Information provided>
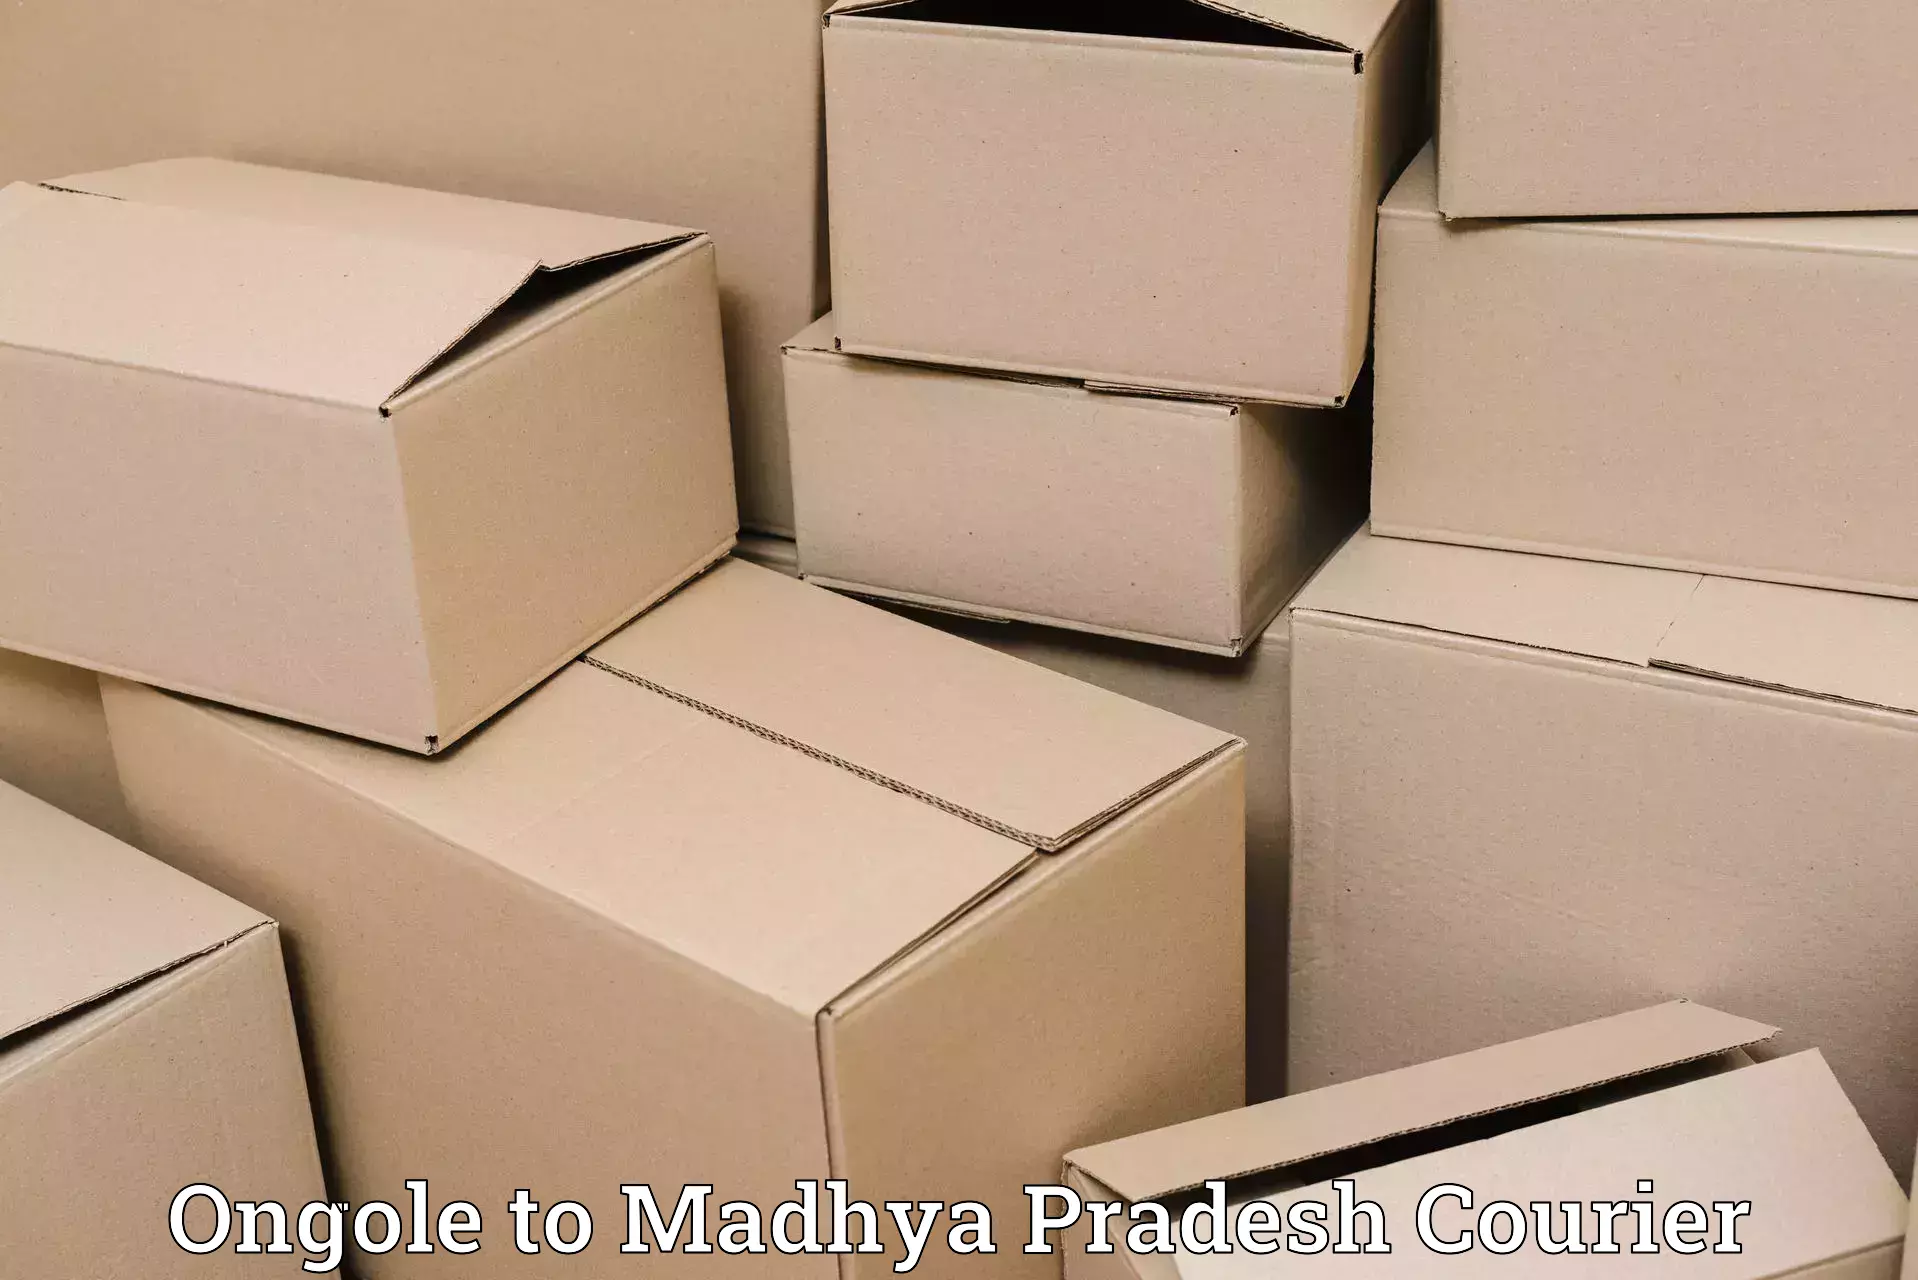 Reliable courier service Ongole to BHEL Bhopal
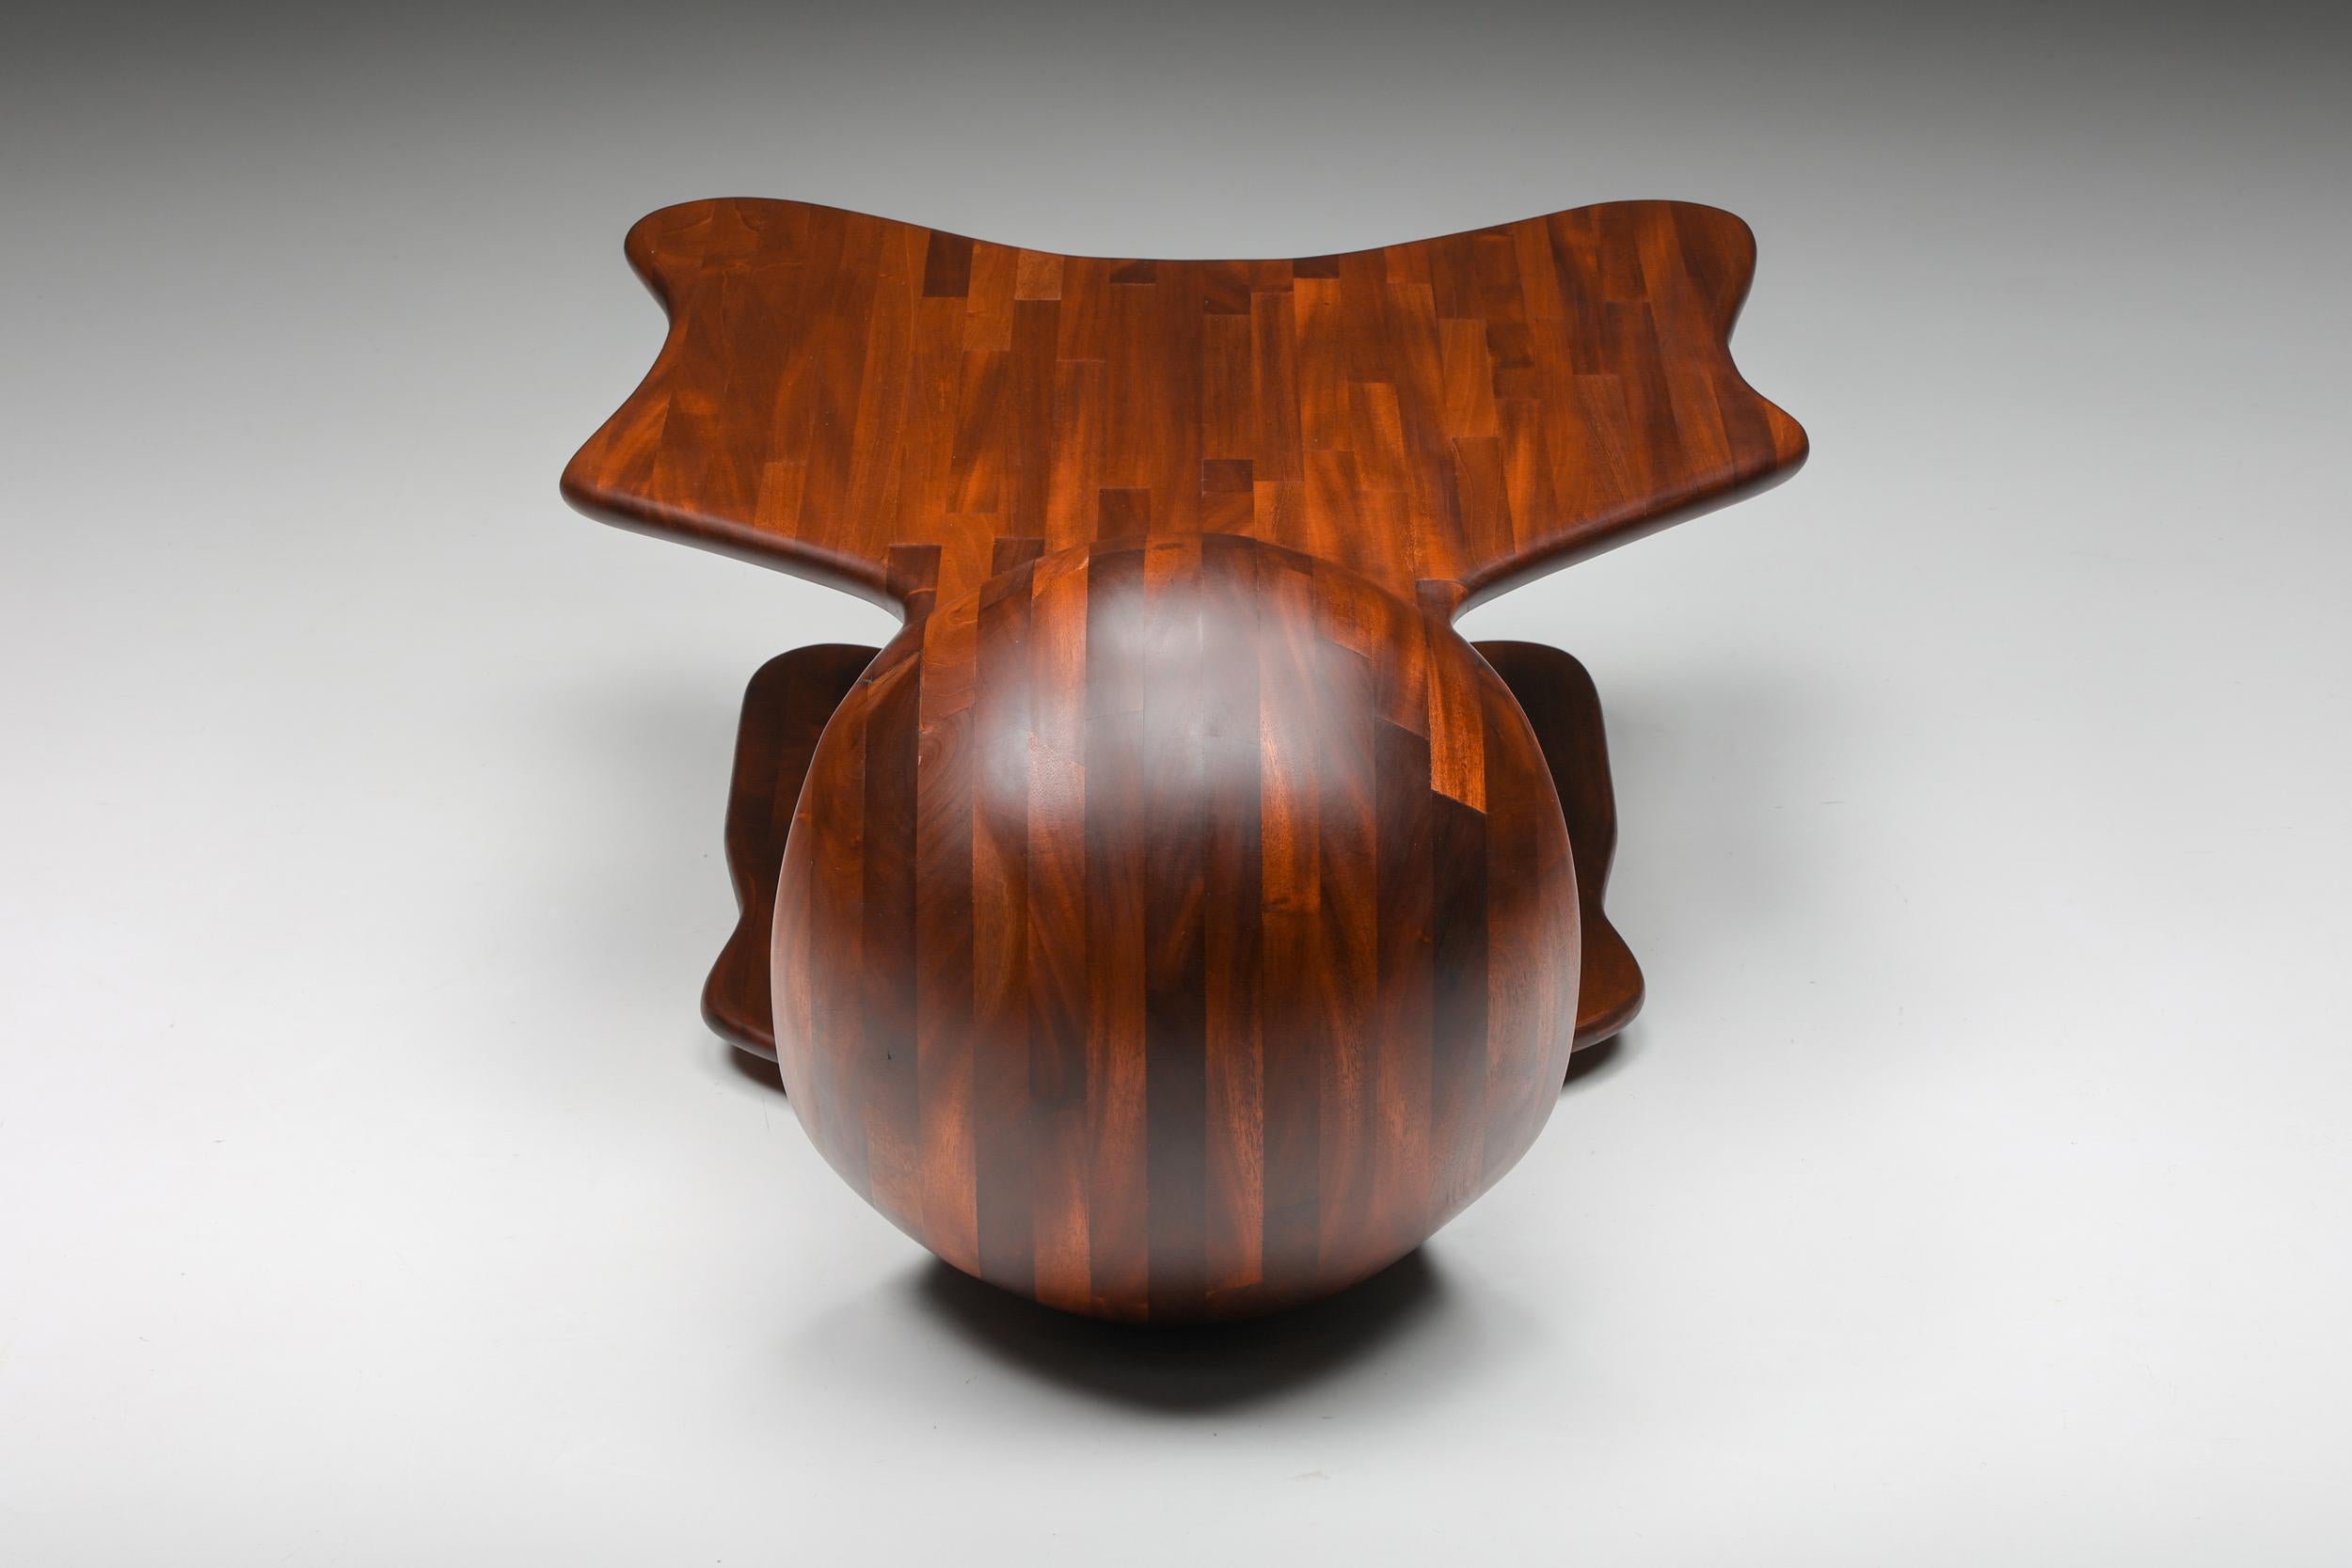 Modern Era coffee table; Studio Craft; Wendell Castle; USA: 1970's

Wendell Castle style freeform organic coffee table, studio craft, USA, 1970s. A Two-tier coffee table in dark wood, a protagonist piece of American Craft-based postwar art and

About this task>
From the line containing "Modern Era coffee" to the end of the listing, restate each line word for word and nothing more; the pictures stay out.

Answer space>
 Modern Era coffee table; Studio Craft; Wendell Castle; USA: 1970's

Wendell Castle style freeform organic coffee table, studio craft, USA, 1970s. A Two-tier coffee table in dark wood, a protagonist piece of American Craft-based postwar art and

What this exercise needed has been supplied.